404 = "we don't know anything about toasted coconut" or maybe "we aren't selling toasted coconut at the moment and i can't or won't tell you if we ever have or ever will."

not quite as brief in the telling, but a similar visitor experience...

lucy24




msg:4586225
 9:29 pm on Jun 20, 2013 (gmt 0)

That's where the cms and auto-generated pages come in. Once upon a time, pages either existed or they did not. But now we've got the potential for two entirely different and unrelated things:

--what the human sees, as in the posted example
instead of listing the available articles (there are none) it says "no articles for Alaska yet"

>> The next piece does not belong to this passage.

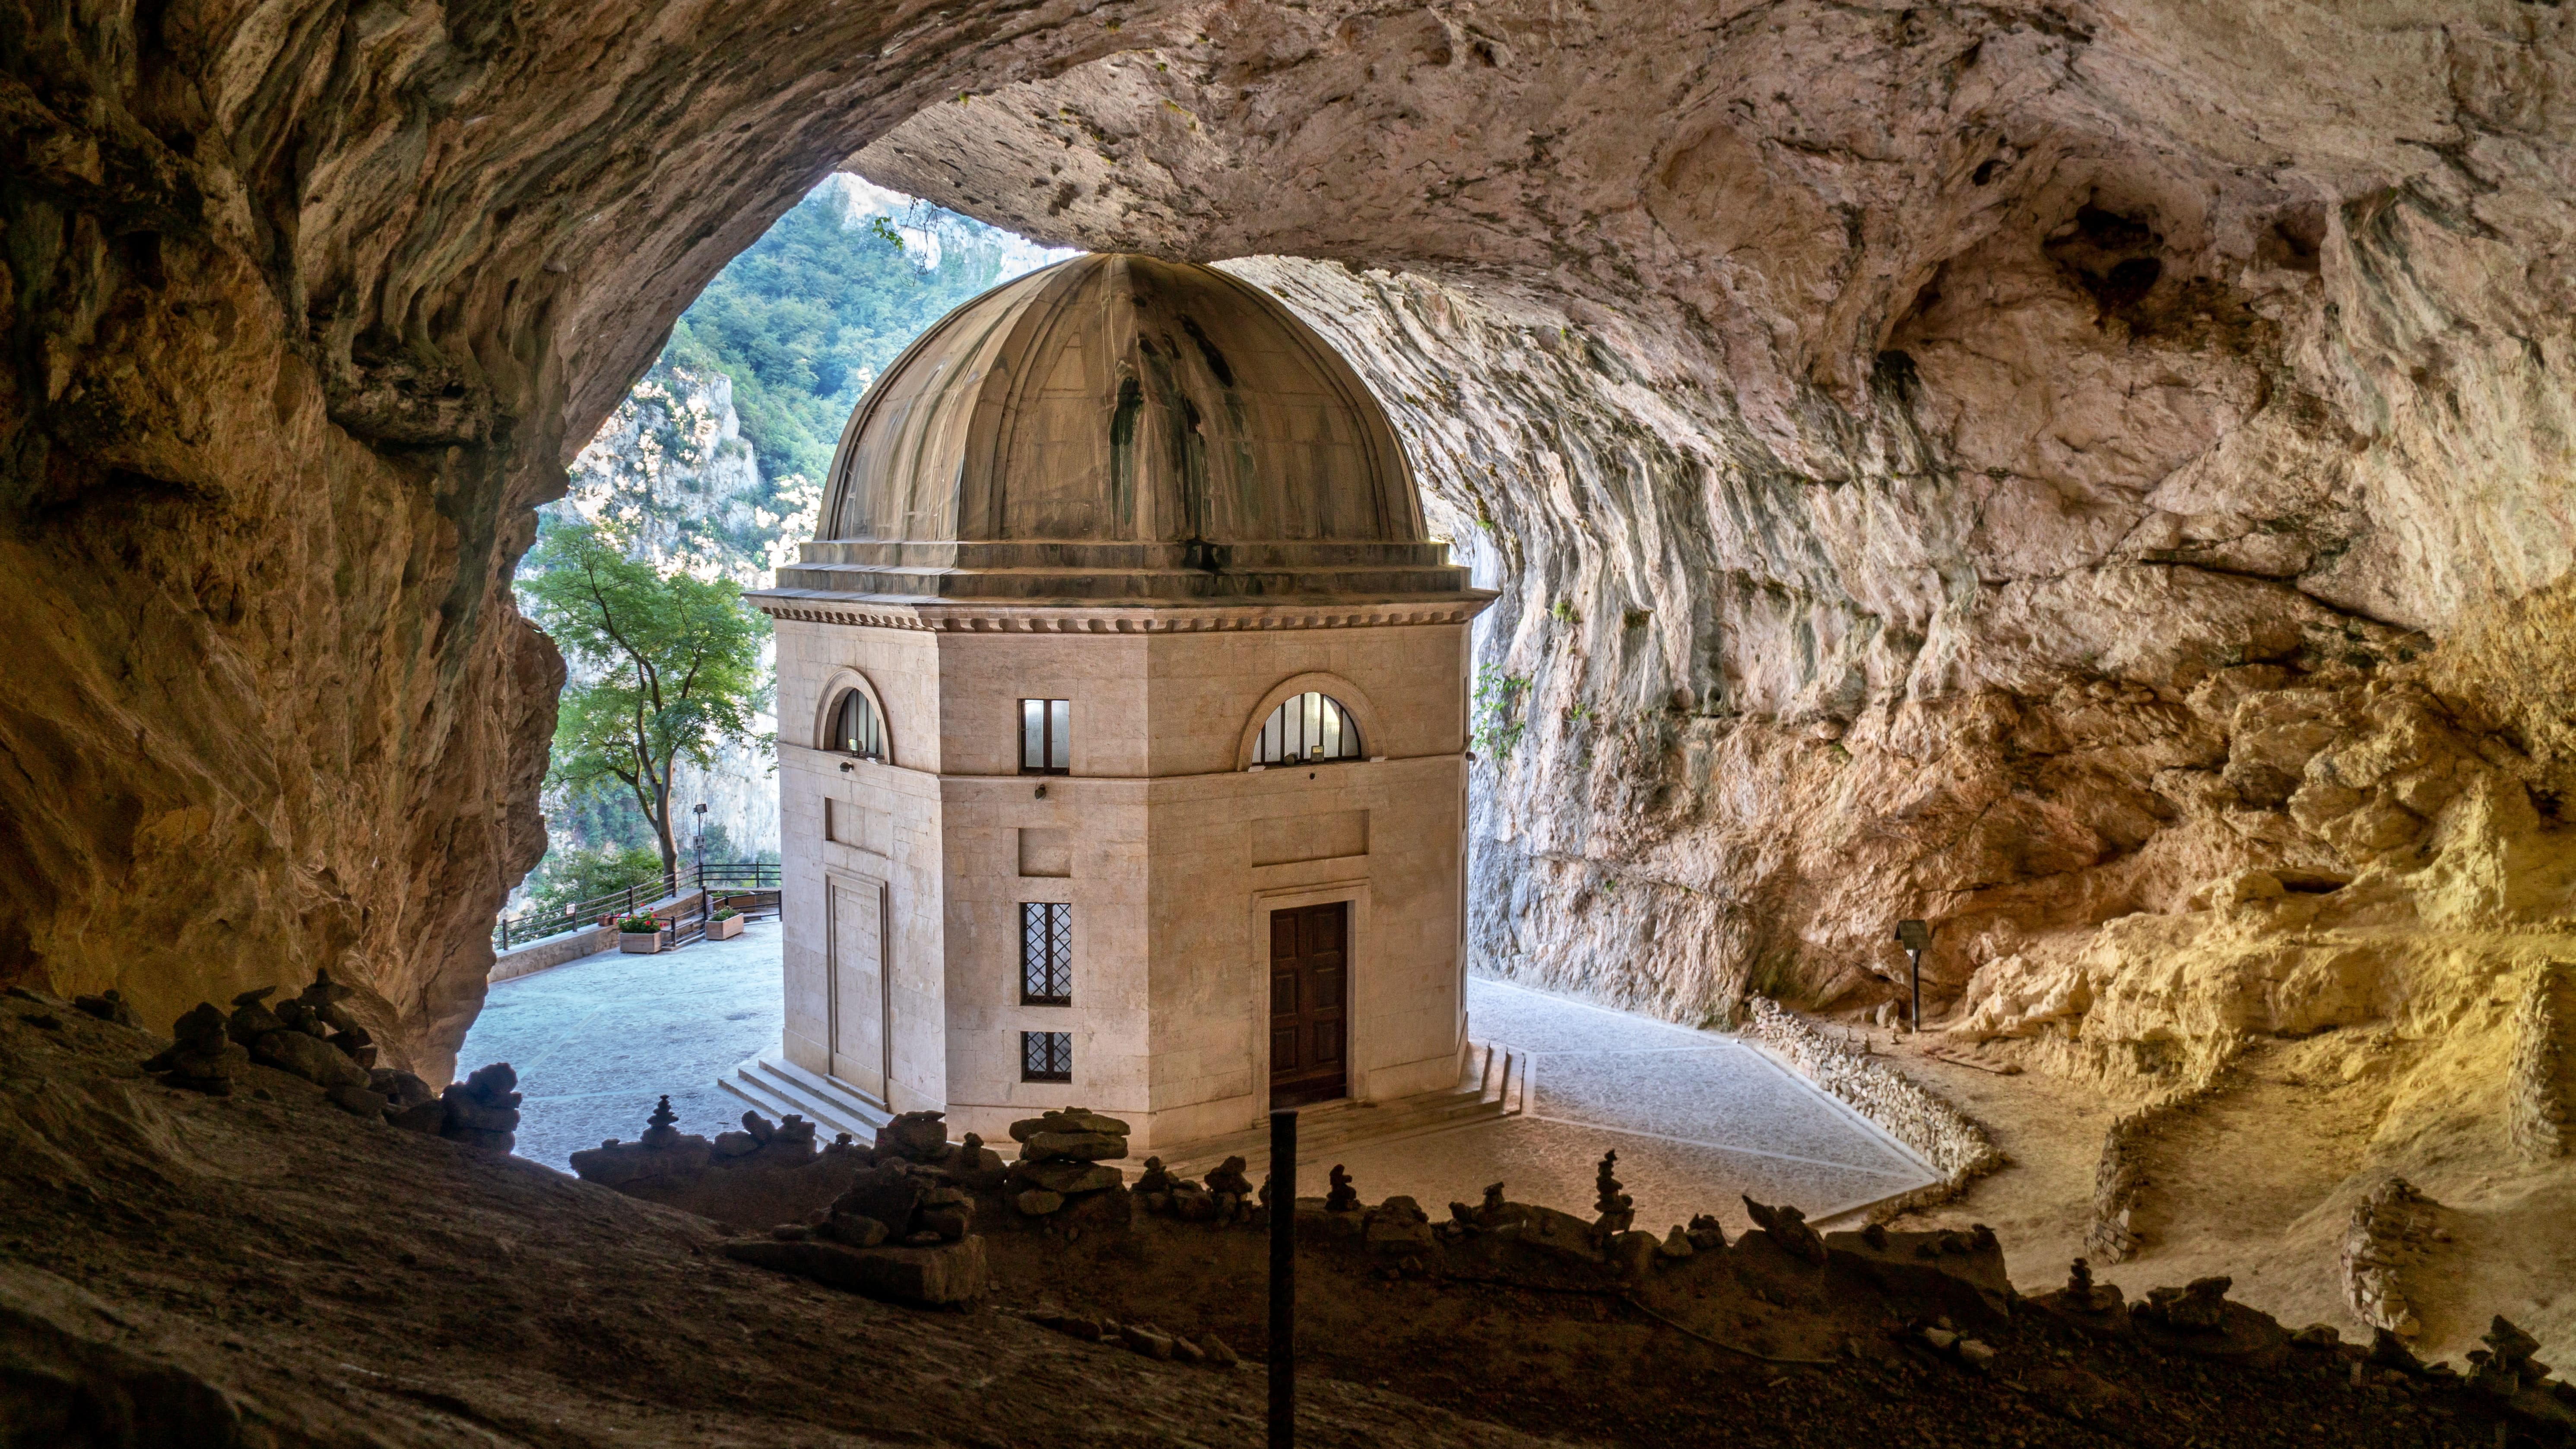 An ancient church in a cave, il tempio del valadier, the valadier's temple in Ancona.

--what the machine receives, i.e. the bare number 200 or 404. (Or 301 or 206 or 403 or...)

My position is that a page which says, very nicely, "I'm devastated to have to tell you that we don't currently have any articles about the particular subject you're interested in", surrounded by helpful navigation links, is effectively a very high quality 404 page. But it's not a page that you would want anyone to index or link to or include in the site's page count or do any of the other things you do with pages.